Member of the Indiana House of Representatives from the 37th district
- In office November 8, 1972 – November 3, 1976

Magistrate Judge of the United States District Court for the Southern District of Indiana
- In office 1978–1985

Personal details
- Born: Samuel Lee Reed July 29, 1934 Selma, Indiana, U.S.
- Died: July 20, 2025 (aged 90) Seabrook Island, South Carolina, U.S.
- Party: Republican
- Spouse: Joan Guinn
- Alma mater: Indiana University
- Occupation: Judge

= Samuel L. Reed =

American judge and politician (1934–2025)

Samuel Lee Reed (July 29, 1934 – July 20, 2025) was an American judge and politician. A member of the Republican Party, he served in the Indiana House of Representatives from 1972 to 1976 and as magistrate judge of the United States District Court for the Southern District of Indiana from 1978 to 1985.

== Early life and career ==
Reed was born in Selma, Indiana, the son of Merritt Reed and Jane Williams.
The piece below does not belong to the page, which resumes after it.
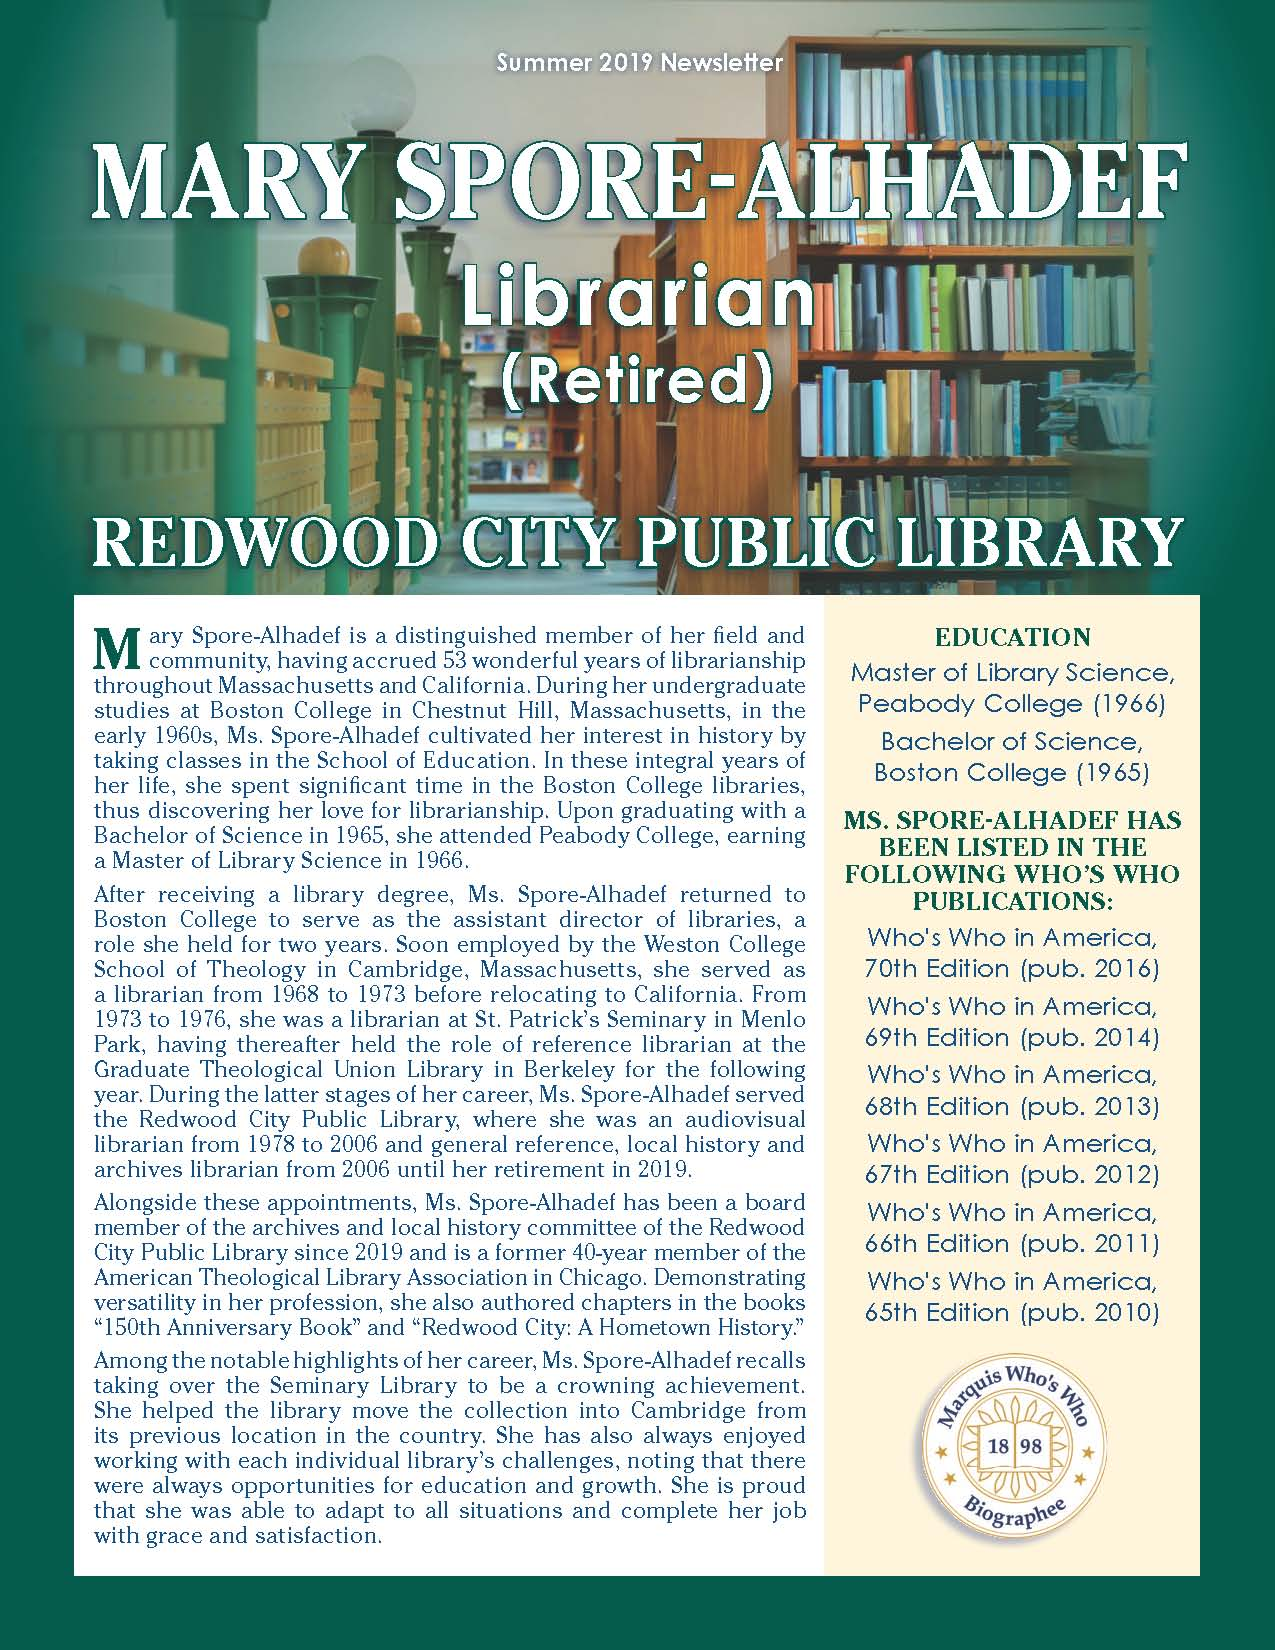 Spore-Alhadef, Mary 3632422_35093289 Newsletter

He attended Selma High School, graduating in 1952. After graduating, he attended Indiana University, earning his BS degree in 1956 and his JD degree in 1959, which after earning his degrees, he worked as an attorney in Indiana.

Reed served in the Indiana House of Representatives from 1972 to 1976. After his service in the House, he served as magistrate judge of the United States District Court for the Southern District of Indiana from 1978 to 1985.

== Personal life and death ==
Reed was married to Joan Guinn. Their marriage lasted until Reed's death in 2025.

Reed died in Seabrook Island, South Carolina on July 20, 2025, at the age of 90.